Tidak antara lama sampailah Hijas Ashar di pasar. Begitu barang hasil buminya diletakkan maka berkerumunlah orang-orang untuk membeli. Jagung dan buah-buahan. Dalam sekejap barang-barangnya telah habis terjual. Dari hasil penjualannya itu uangnya akan dibelanjakan barang-barang keperluan rumah tangga. Tidak lupa pula pesanan anak gadisnya berupa benang jahit.
Namun demikian pak Hijas Ashar tidak akan menghambur-hamburkan uangnya. Bila ada kelebihan dari hasil ladangnya maka selalu ditabungnya. Pada suatu hari, di tengah padang yang luas. Hijas Ashar berjumpa dengan Komala Shakti. Sebelum menegurnya, ia telah ditegur terlebih dahulu oleh jejaka yang tampan itu.
“Maaf, Pak. Hendak ke manakah Bapak pergi?” tanya Komala Shakti dengan sopan.
“Ooo, saya nak. Saya akan pulang. Tadi habis berjualan hasil ladang di pasar,” sahut pak Hijas Ashar.
“Bisakah bapak memberi tahu saya? Apakah nama negeri ini, Pak?” tanya Komala Shakti.
“Ooo, negeri ini adalah Penreu Rum, nak!” sahut pak Hijas. “Hendak ke manakah, anak?”
“Saya, Pak? Saya sedang berkelana. Oleh karena hari sudah sore, maka saya akan mencari tempat bermalam.”
“Siapakah nama anak? Dan dari manakah asal anak?” tanya Hijas Ashar ingin tahu.
“Nama saya Komala Shakti, Pak. Sedang asal saya dari negeri Syahiful Dasa,” sahut anak muda.
Mendengar keterangan itu Hijas Ashar diam sejenak. Ia mengamati anak muda yang tampan itu terpesona. Kemudian Komala Shakti bertanya: “Dapatkah bapak mencarikan penginapan untuk saya?”
“Penginapan?”
“Benar. Pak. Tolonglah saya!” pinta Komala Shakti sopan.
“Kalau soal bermalam, itu mudah. Maukah anak bermalam di rumah saya?” tawar pak Hijas.
“Begini, Pak. Saya hendak mencari rumah yang tidak ada dapurnya,” sahut Komala Shakti.
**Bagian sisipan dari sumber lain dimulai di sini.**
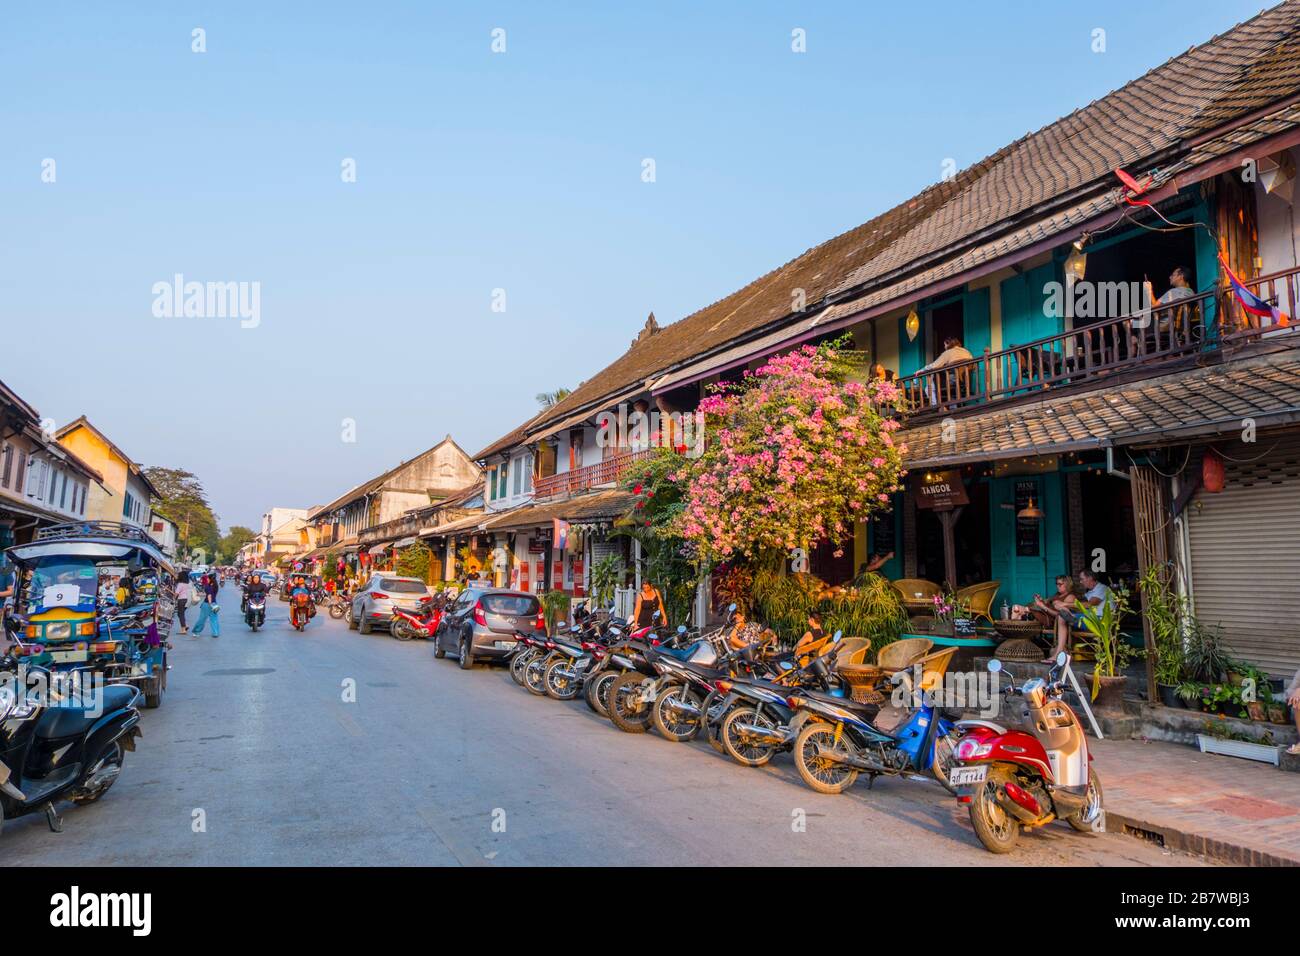 Sakkaline Road, vieille ville, Luang Prabang, Laos Banque D'Images

“Lho, kok aneh. Mungkinkah rumah itu tidak ada dapurnya?” tanya pak Hijas Ashar tercengang.
“Saya kira sulit untuk mencarinya. Oleh karenanya, marilah anak ikut saja pulang ke rumahku. Sebab hari sudah agak malam.”
“Kalau begitu, baiklah saya mengikuti ajakan Bapak.” Kemudian berjalanlah keduanya pulang ke rumah Hijas Ashar.
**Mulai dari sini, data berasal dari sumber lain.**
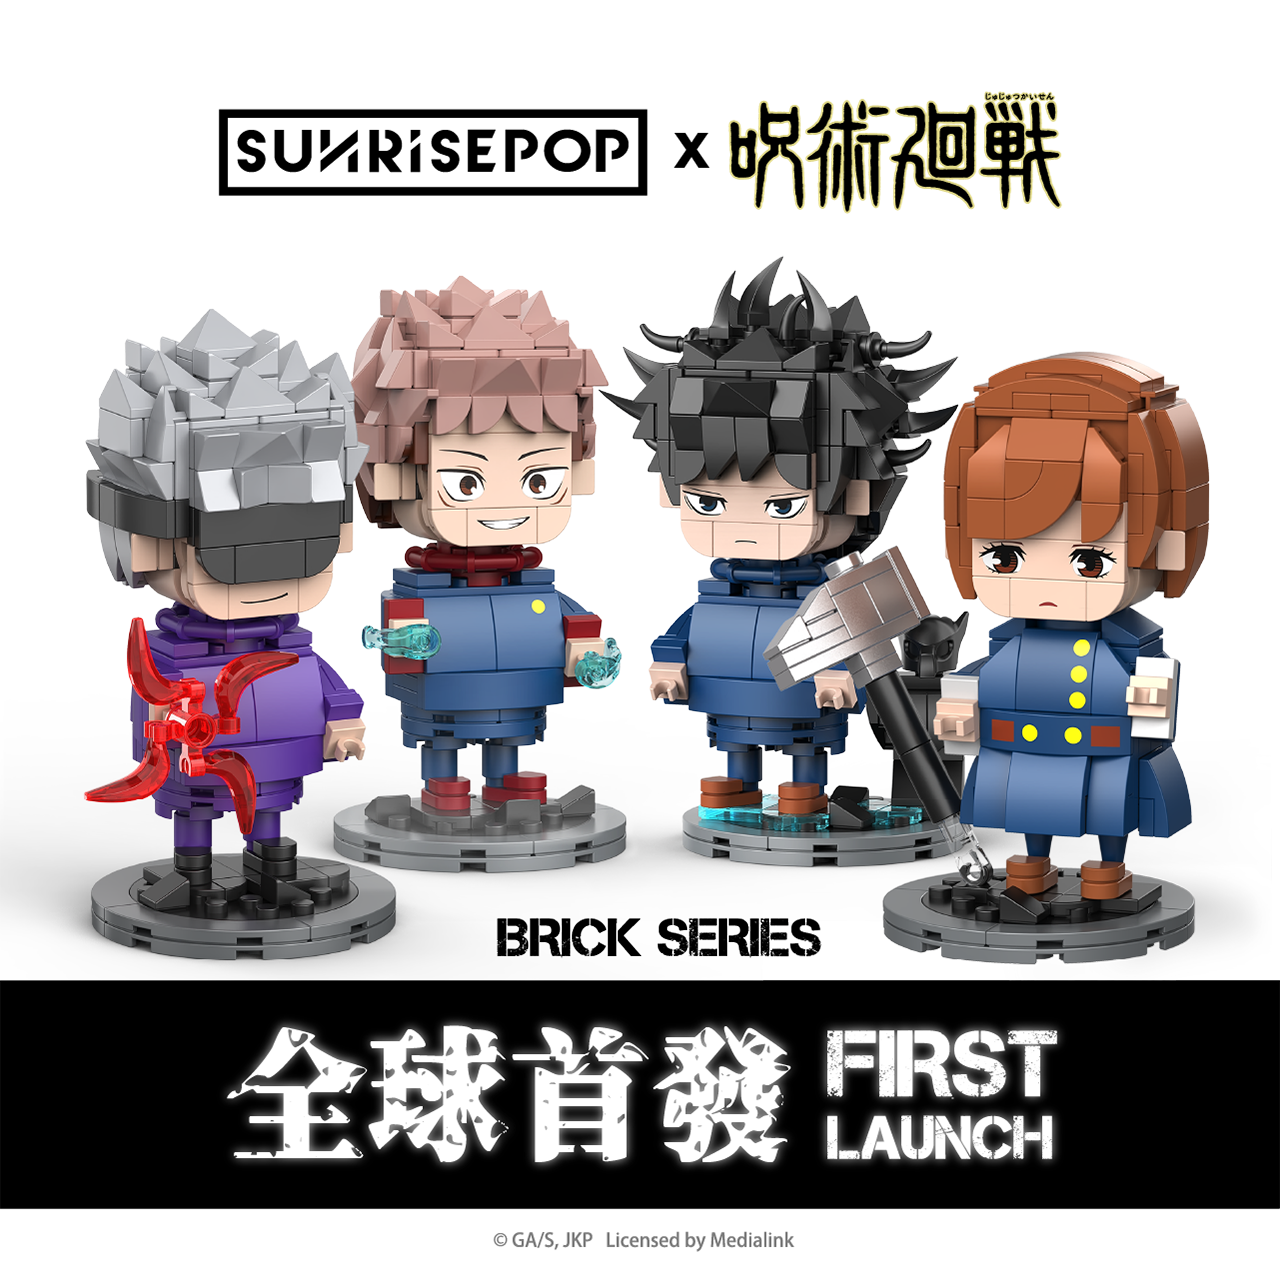 Jujutsu Kaisen Brick Series First Launch | Sunrisepop

Jarak yang ditempuh sudah agak dekat. Dan akhirnya sampailah mereka di suatu tempat yang dituju. Sebelum sampai di rumah, mereka melewati sebuah jembatan sungai. Pada saat menyeberangi jembatan, Komala Shakti berkata: “Titi kera rupanya ini.”
Mendengar kata-kata Komala Shakti itu, Hijas Ashar keheranan. la tidak tahu apa yang dimaksud. Oleh karena itu Hijas Ashar tidak mau menyambung sepatah katapun. Tetapi ia selalu ingat kata-kata yang diucapkan oleh Komala Shakti. Setelah menyeberang jembatan, kemudian sampailah di sebuah hutan.
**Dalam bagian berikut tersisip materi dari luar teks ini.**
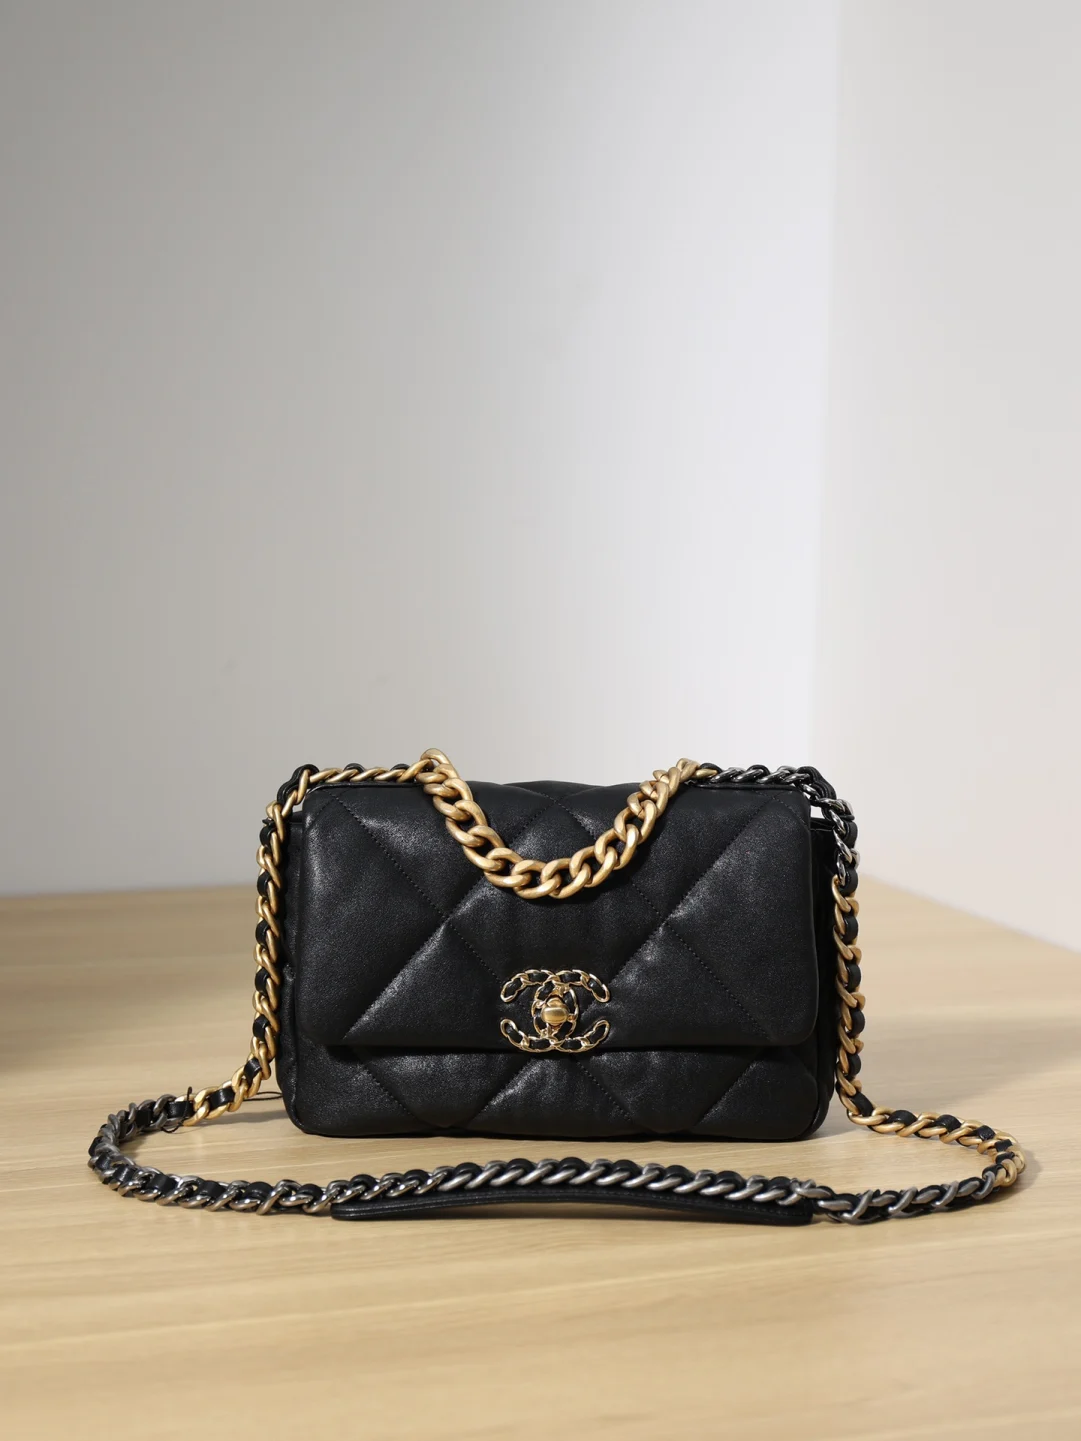 Replica Chanel CF 19 Black Handbag

Pada saat melewati hutan, Komala Shakti mengembangkan payungnya. Hijas Ashar sangat heran melihat tingkah laku Komala Shakti. Dalam hati ia bertanya, mengapa di hutan yang teduh itu dia memakai payung? Namun demikian Hijas Ashar tetap bungkam seribu bahasa. la segan pada pemuda itu.
Setelah ke luar dari hutan, lalu sampailah mereka di suatu jalan yang berlumpur. Melihat keadaan becek itu, maka dengan segera Komala Shakti memakai sandal. Ketika ia berjalan, maka terdengar suara: “Slop… Slop… slop.” Suara dari sandal yang dipakai melewati jalan becek.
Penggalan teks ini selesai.